Встряхнув очаровательной головкой, Николетт вновь закружилась по комнате, вздымая облако шелка и звонко смеясь. Остановилась на мгновение и пропела нежным голосом:

Добро пожаловать ко двору Франции,

Здесь дамы полны грации,

В них рыцари влюбляются,

Дам пылко домогаются.

Жанна и Бланш, кружащие по комнате в неглиже, звонко засмеялись, вторя оживлению своей невестки, и подхватили простенький мотив фривольной песенки. Несмотря на их веселость и роскошь окружающей обстановки, вряд ли кого-то из этой троицы можно назвать счастливой. Ах, у каждой были свои причины, но замужество не делало их жизнь радостной.

Великолепная комната залита светом свечей, лишь дальние углы тонули в колеблющемся мраке. Пышные восточные ковры устилают пол, стены затянуты алым шелком, затканным золотыми нитями, еще несколько штрихов – и комната будет похожа на часовню, украшенную к торжественной мессе.


Три принцессы сослались на головную боль, чтобы не присутствовать на торжестве в честь Изабеллы, дочери короля Филиппа. В их отговорке была немалая доля правды – к утру головы принцесс наверняка разболятся из-за порядочной дозы вина, которое они собирались «попробовать».

Молодые женщины всегда обожали разыгрывать разнообразные представления и до недавнего времени тратили немалую толику состояния на вечеринки, проходившие в садах де Несле. Вдали от пристальных очей дворцовых соглядатаев ставились фривольные пьесы, в которых лучшие роли, естественно, доставались принцессам.

Но все изменилось с приездом Изабеллы. Вернувшись из Англии, она объявила кровную войну (иначе не назовешь) женам своих братьев, что кончилось весьма печально. Король, прознав о «невинном» развлечении невесток, с легкой руки дочери запретил все постановки в садах де Несле.

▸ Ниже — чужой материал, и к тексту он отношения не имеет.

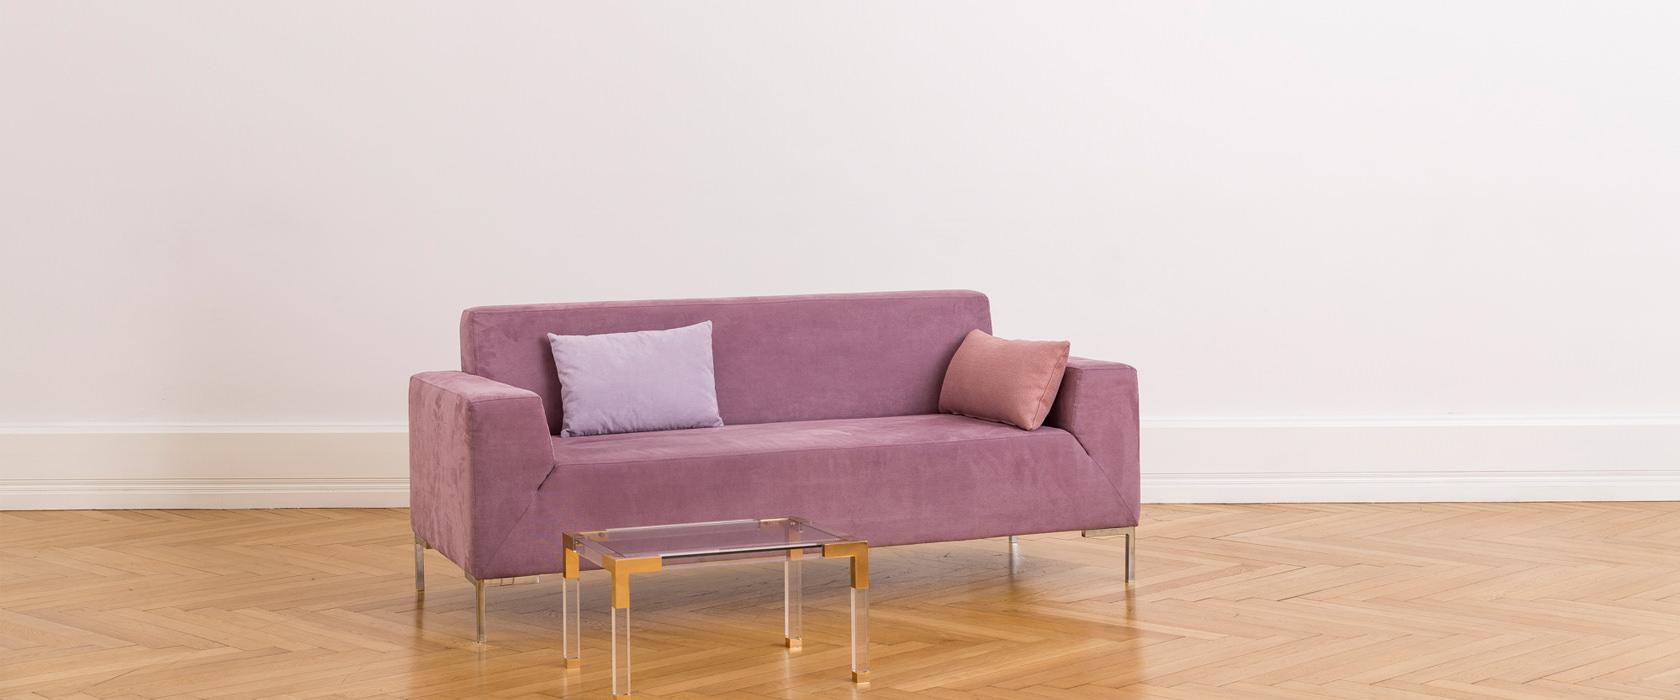 Трехместный диван Livorno Classic - Фото 2 - Pufetto

Но запрет, как известно, делает плод еще более сладким. Сегодня вечером осуществится месть. Пусть она будет тайной, но, тем не менее, такой сладостной.

Молодые особы собрались в покоях Жанны, чтобы приготовиться к вечеринке. Николетт де Шезно, дочь герцога Бургундского, в настоящее время – жена Луи, старшего сына короля, скорчила гримасу и начала приседать на манер встревоженной утки. Она была самой младшей из принцесс, обладала редким даром подражания и за спиной короля и его министров иногда вдруг корчила поразительные гримасы. Ничто не могло укрыться от ее внимательных глаз. Не удивительно, что Николетт легко изобразила королевского инквизитора Гюлимая де Ногаре, печально известного такой жестокостью и непримиримостью, что, казалось, мог бы отправить на казнь даже Папу Римского. Внешность Гюлимая была соответствующей – полный, рыхлый, с тощими ногами и жадными крохотными глазками, он походил на паука. Этот человек обожал самые отвратительные пытки. Его боялась вся Франция, хотя за глаза инквизитор де Ногаре нередко становился объектом весьма злых насмешек.

И сейчас Николетт, растопырив руки, шарила по комнате, заглядывая в резной комод, в корзинки для рукоделия, даже под кровать, на которую, покатываясь со смеху, упали Жанна и Бланш.

Николетт, изображая торжество, заглянула за гардины, затем неуклюже повернулась лицом к молодым женщинам:

– Не хватает барона де Конше. И куда он только мог подеваться? – резкий, отрывистый голос инквизитора был передан поразительно точно.

Зрительницы на кровати буквально задыхались от смеха. Во дворце все, за исключением старого короля, знали, что Рауль де Конше – любовник Изабеллы.

– Гм, эта тайна достойна внимания великого инквизитора! – провозгласила Николетт, простирая руки и нелепо встряхивая головой. Ее великолепные длинные кудри выбились из узла на затылке и черной волной упали на плечи. – Не сомневайтесь, я найду его! У меня нюх на такие дела! – пролаяла она, подражая речи инквизитора, зажала нос и указала на ночной горшок в углу комнаты.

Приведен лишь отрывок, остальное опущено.